Task brief:
An exact copy of the data is required; the images should not appear in it.

Recorded data:
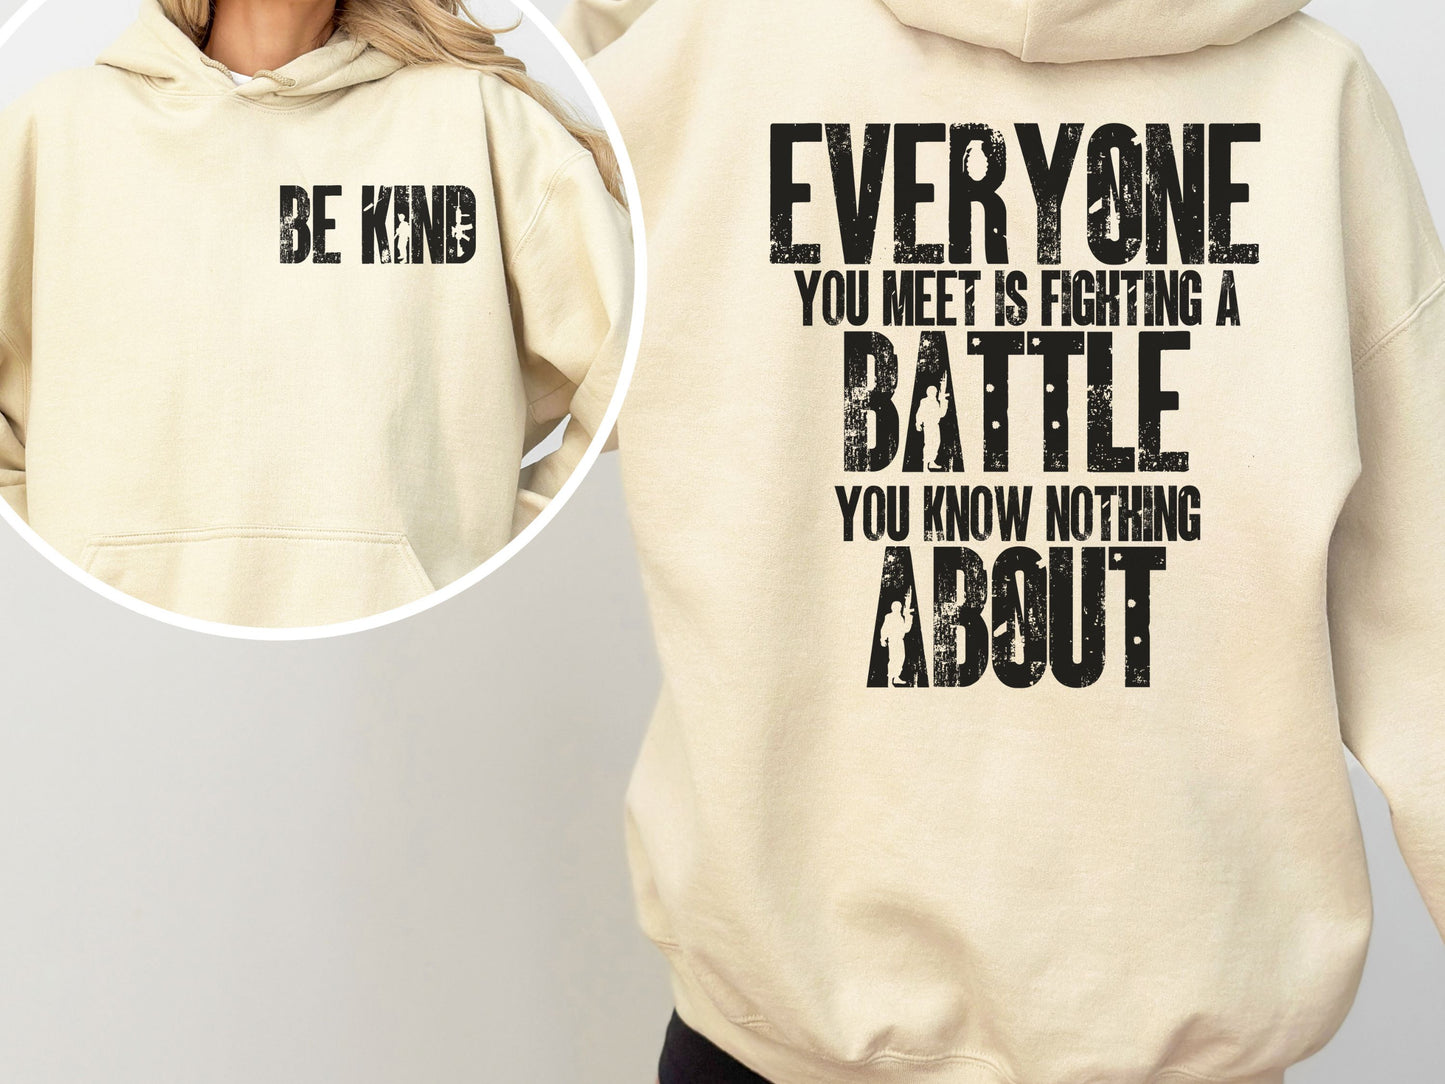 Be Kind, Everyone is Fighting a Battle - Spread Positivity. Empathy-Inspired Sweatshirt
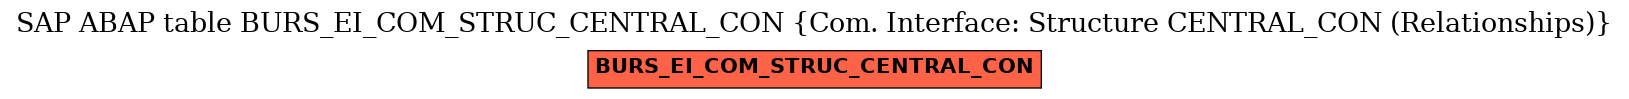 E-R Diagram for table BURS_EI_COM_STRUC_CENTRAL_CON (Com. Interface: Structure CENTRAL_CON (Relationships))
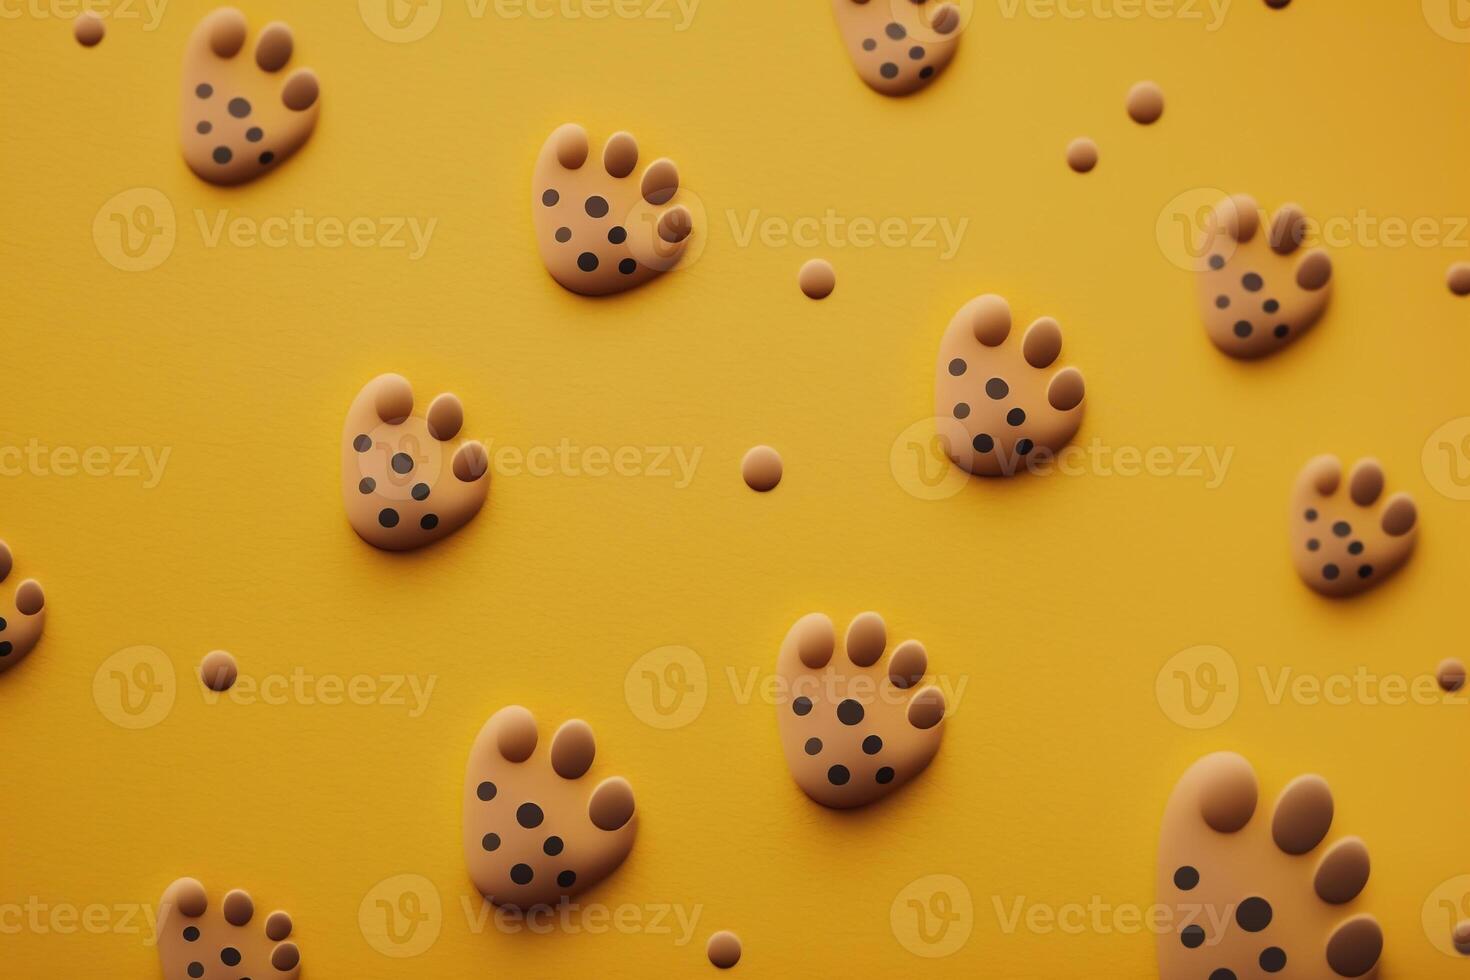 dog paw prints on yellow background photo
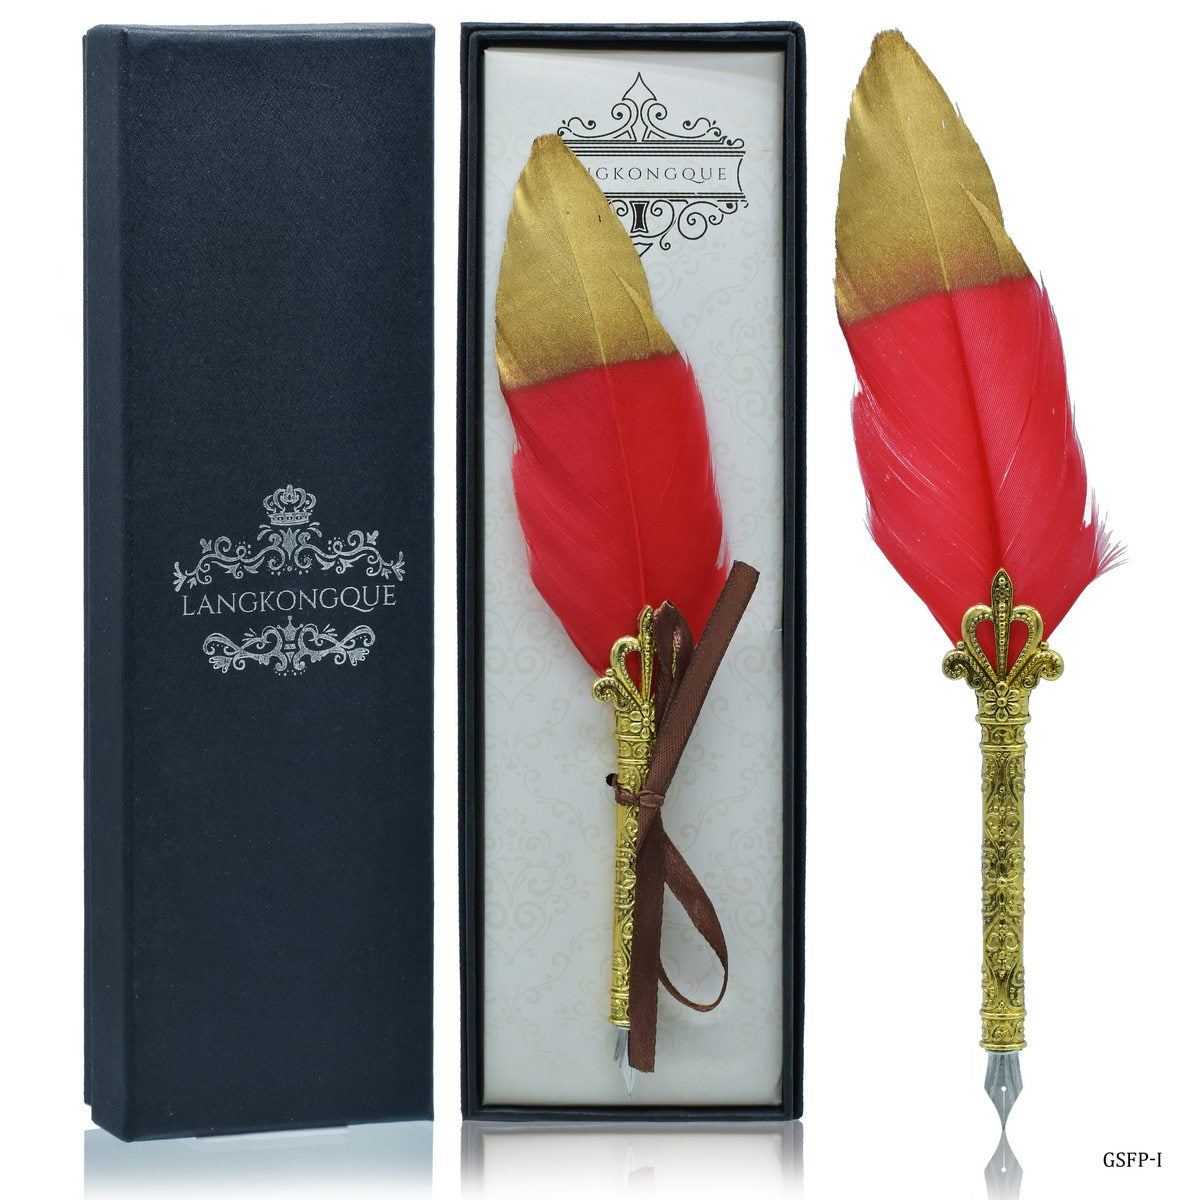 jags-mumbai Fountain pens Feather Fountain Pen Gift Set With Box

Solution to this problem:
 Be Kind, Everyone is Fighting a Battle - Spread Positivity. Empathy-Inspired Sweatshirt
 E-R Diagram for table BURS_EI_COM_STRUC_CENTRAL_CON (Com. Interface: Structure CENTRAL_CON (Relationships))
 dog paw prints on yellow background photo
 jags-mumbai Fountain pens Feather Fountain Pen Gift Set With Box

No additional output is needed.